Pendant sept ans, j'ai vécu dans son ombre. Je suis devenue plus qu'une simple femme qui réchauffait son lit. Je suis devenue son outil le plus indispensable. J'ai appris à naviguer dans les courants dangereux de son monde, à gérer ses affaires illicites avec sang-froid et efficacité. J'ai tenu ses comptes, ceux écrits avec du sang et des secrets. Je me suis interposée entre lui et les balles de ses ennemis. Je suis devenue son bouclier, sa confidente, son agent le plus fiable.
Et, idiote que j'étais, je suis tombée amoureuse de lui.
J'ai confondu sa possessivité avec de la protection, son contrôle avec de l'attention. Il m'a offert une vie de luxe, m'a couverte de diamants et m'a protégée de la laideur du monde qu'il commandait. En retour, je lui ai donné ma loyauté, mon corps et mon cœur.

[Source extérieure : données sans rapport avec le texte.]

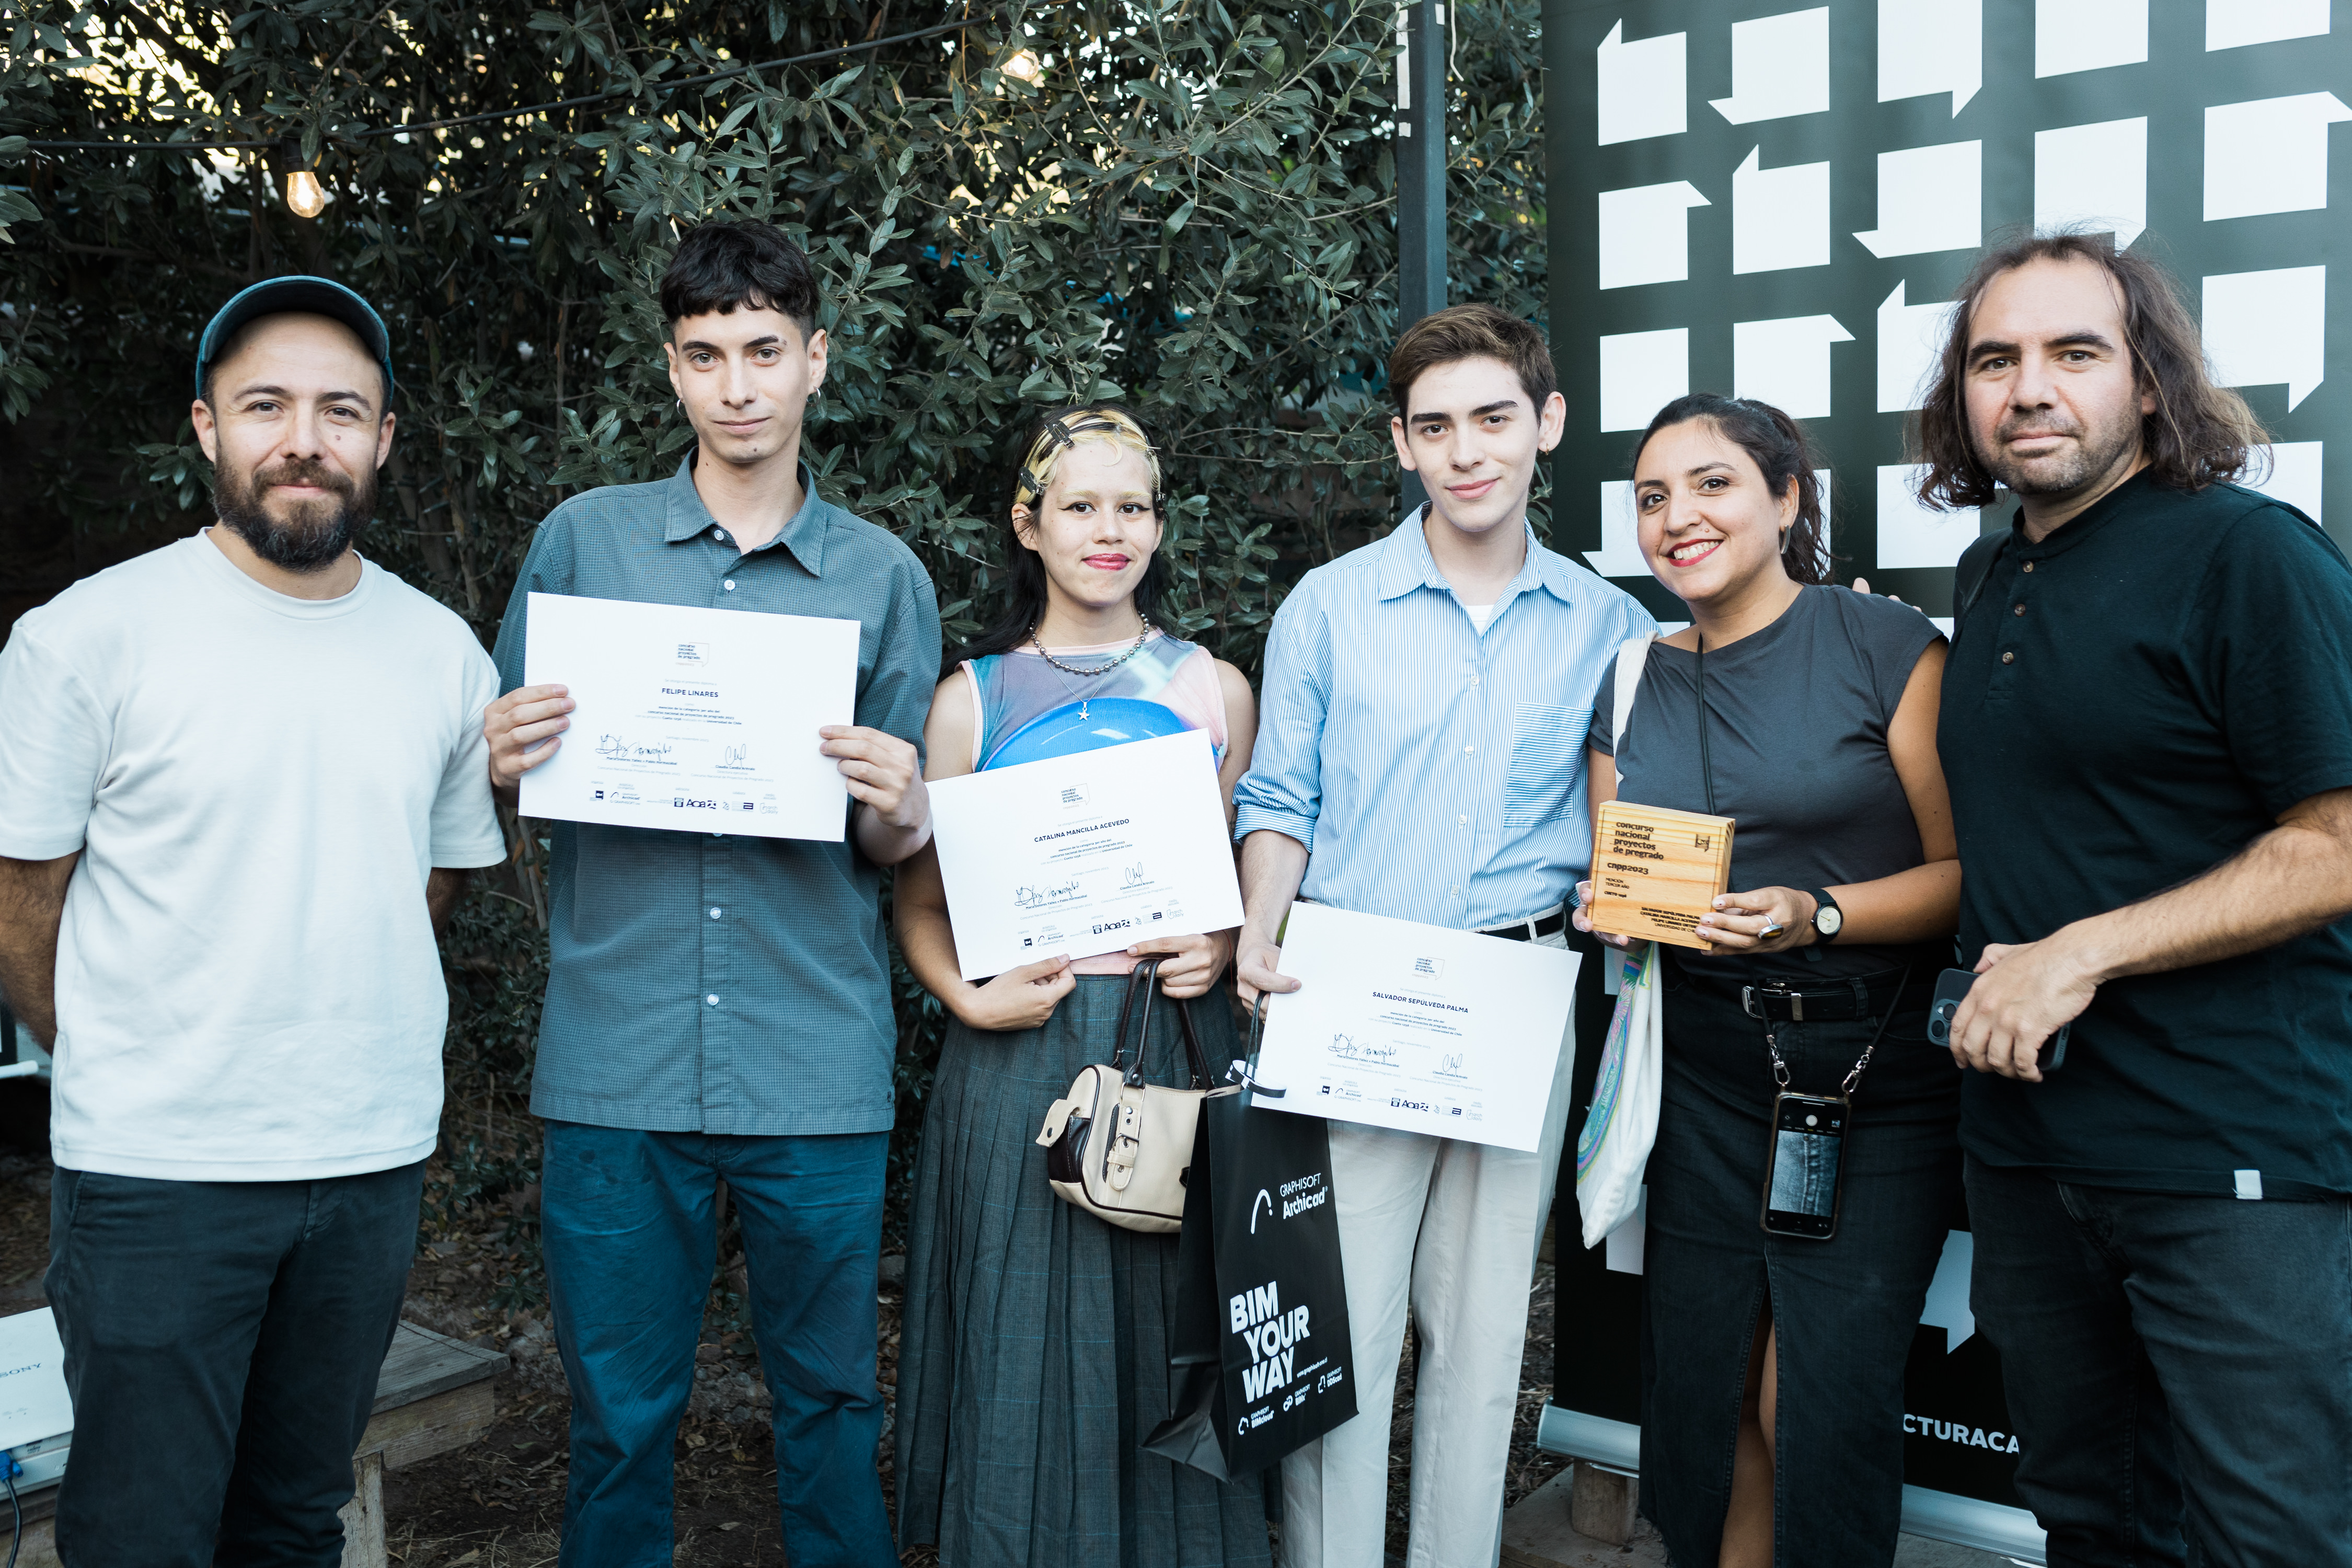 Proyecto asociado a Minvu Universidades obtiene reconocimiento en Concurso Arquitectura Caliente

Tout le monde dans son cercle croyait que j'étais différente. Ils voyaient la façon dont ses yeux me suivaient, la façon dont il me laissait entrer dans son bureau privé quand personne d'autre n'y était autorisé. Ils chuchotaient que je serais celle qui deviendrait enfin Madame Beaumont.
Je le croyais aussi.
Jusqu'à la nuit dernière.
Après une nuit de passion torride, alors qu'il me tenait dans ses bras, son corps encore moite de sueur, sa respiration se calmant contre mes cheveux, il est soudainement devenu froid.

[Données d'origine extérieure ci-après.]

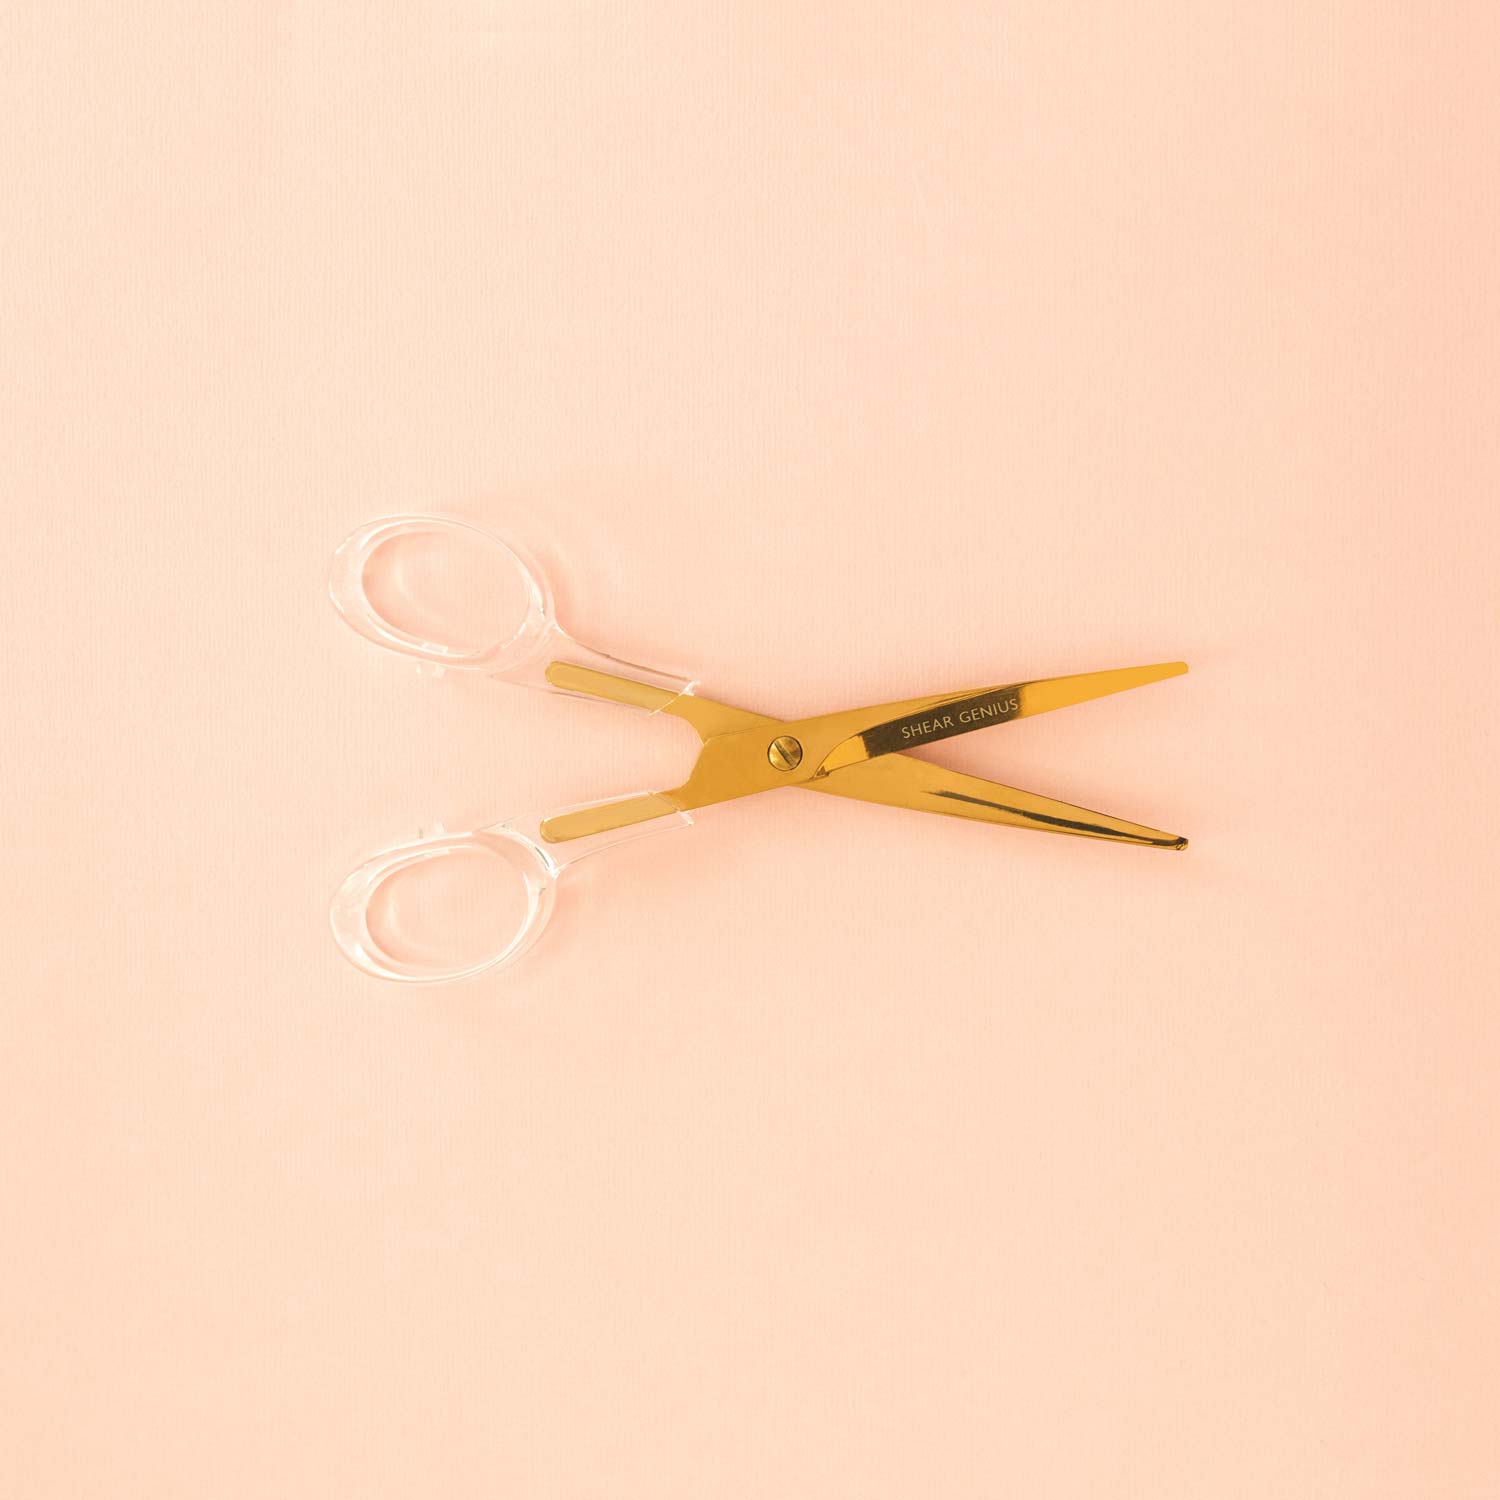 rose gold scissors

Il s'est écarté, s'asseyant sur le bord du lit, son dos un mur de muscles rigide.
« Alexa », a-t-il dit, sa voix dépourvue de la chaleur qu'elle avait quelques instants auparavant. « J'ai un travail pour toi. »
Je me suis assise, un nœud d'inquiétude se serrant dans mon estomac. « Qu'est-ce que c'est ? »

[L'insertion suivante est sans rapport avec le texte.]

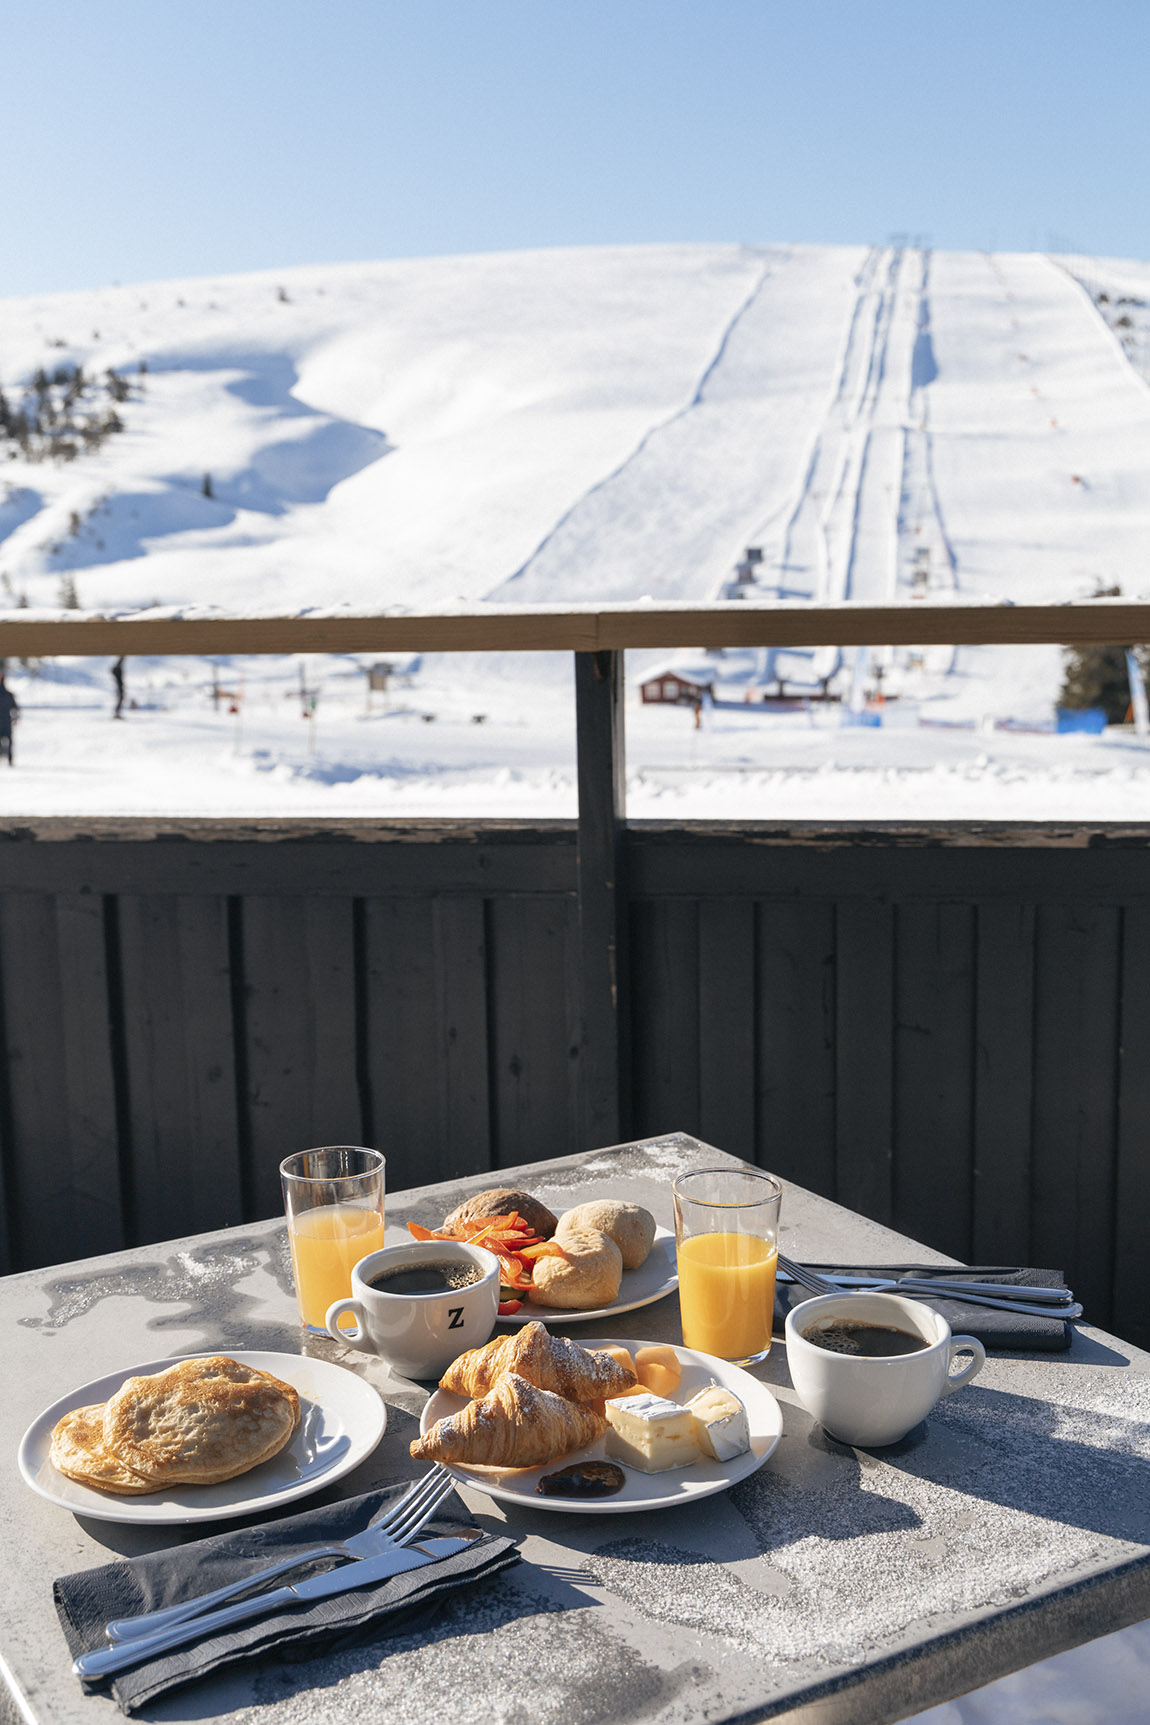 Sälens Högfjällshotell: World class skiing in iconic surroundings

Il s'est tourné vers moi, ses beaux traits dans l'ombre, ses yeux tenant une cruauté familière et glaçante. « Je veux que tu séduises Éric Valois. »
Mon monde, que j'avais si soigneusement construit autour de l'illusion de son amour, s'est brisé en un million de morceaux.
Il ne s'est pas arrêté là. Il a exposé le plan avec une précision froide. Je devais me rapprocher d'Éric Valois, son grand rival en affaires comme dans le crime. Je devais devenir l'amante d'Éric, créer un scandale public si explosif qu'il ferait la une de tous les journaux de Lyon.
« Pourquoi ? » Le mot était un son brut, blessé.
La mâchoire de Damien s'est crispée. « Parce que Camille est obsédée par lui. Elle pense que c'est une sorte de héros romantique. Je veux briser cette illusion. Je veux qu'elle le voie pour ce qu'il est : juste un autre homme qu'on peut faire tomber. Quand elle aura le cœur brisé, quand son fantasme sera détruit... elle viendra enfin à moi. »
Camille de La Roche. La première mondaine de la ville, l'héritière gâtée et naïve de l'empire de La Roche. La « lune blanche » de Damien. La femme qu'il poursuivait depuis des années, la seule femme qui le rejetait constamment, son cœur fixé sur le seul homme que Damien ne pouvait pas vaincre : Éric Valois.